Within a week of that announcement, GIS was named a core academic partner in another Manufacturing USA project, the Advanced Robotics Manufacturing Institute led by Carnegie Mellon University.
RIT is now involved in seven of 14 Manufacturing USA research institutes.
, which served as the incubator for what has become GIS, is now one of that institute’s components and remains devoted to working with companies on a variety of applied research projects. Also under the GIS umbrella are:
- Center for Remanufacturing and Resource Recovery;
- New York State Pollution Prevention Institute;
- Center of Excellence in Advanced & Sustainable Manufacturing, established in 2012 as a New York State Center of Excellence supported by Empire State Development’s Division of Science, Technology and Innovation;
- Center for Sustainable Mobility, begun in 2006 with a $4 million grant from the U.S. Department of Transportation to assess the environmental and economic impact of alternative fuel and propulsion technologies on the public transportation system;
- NanoPower Research Labs, a consortium of faculty from GIS, the Kate Gleason College of Engineering, and the College of Science working on applications of nanomaterials in energy and photonics.
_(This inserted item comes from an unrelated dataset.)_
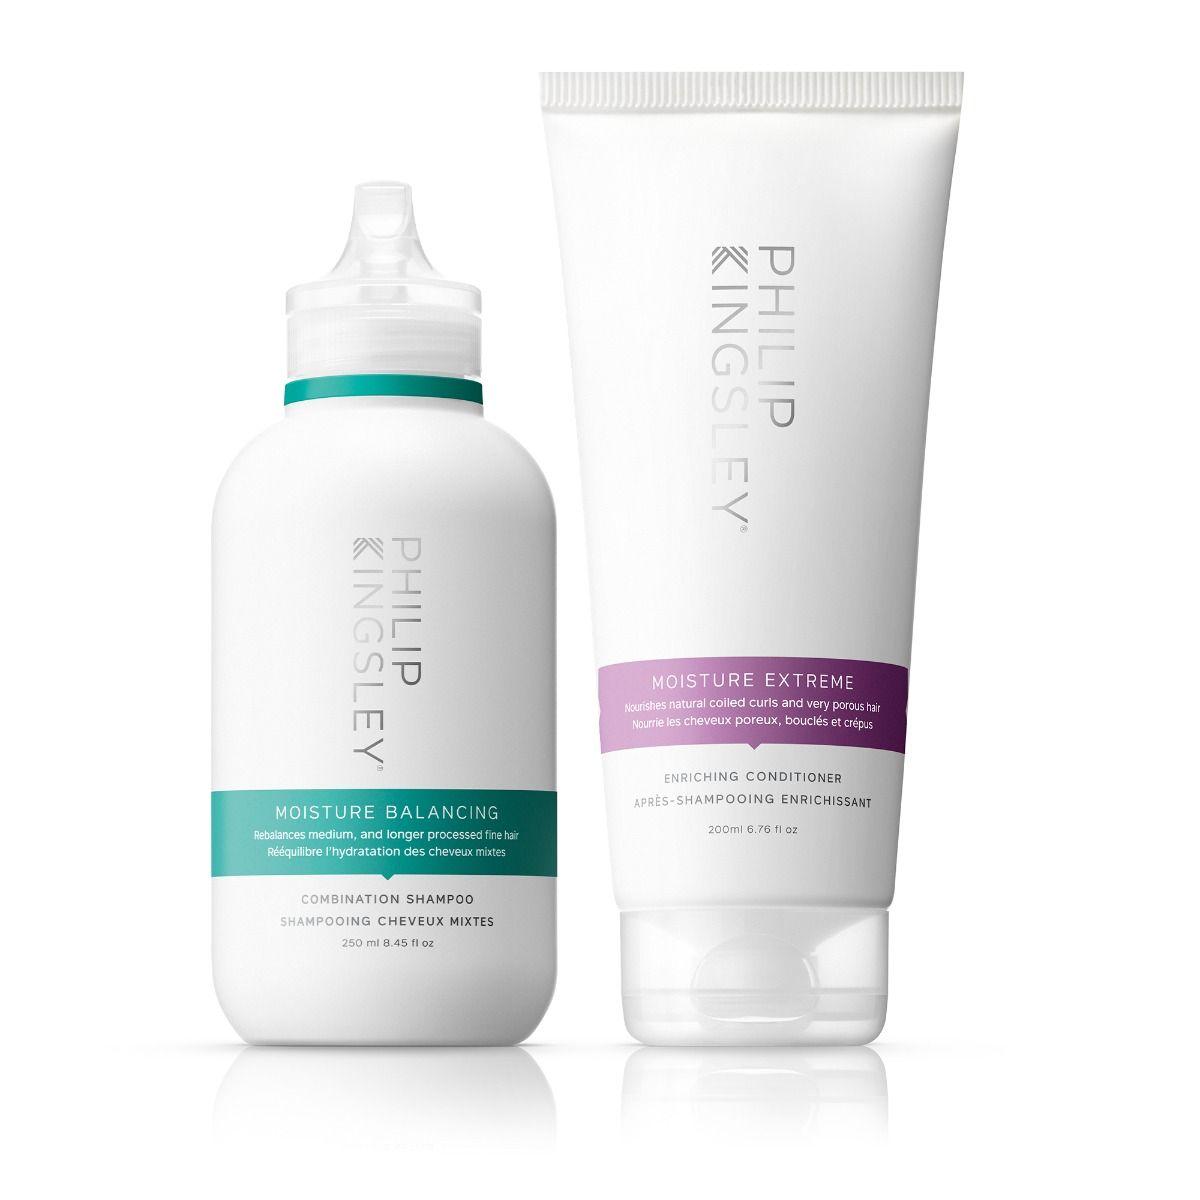 Moisture Balancing Combination Shampoo & Moisture Extreme Enriching Conditioner Duo

Combined, the components of GIS last year worked with 988 companies on a wide variety of projects.
Success has come the old-fashioned way—through hard work. “I’m blessed with the most wonderful and talented team,” said Nasr. “They’re passionate about what they do.
“We were always organized and focused. If we just meet the sponsors’ expectations, we feel we haven’t done our job. We want to always exceed expectations.”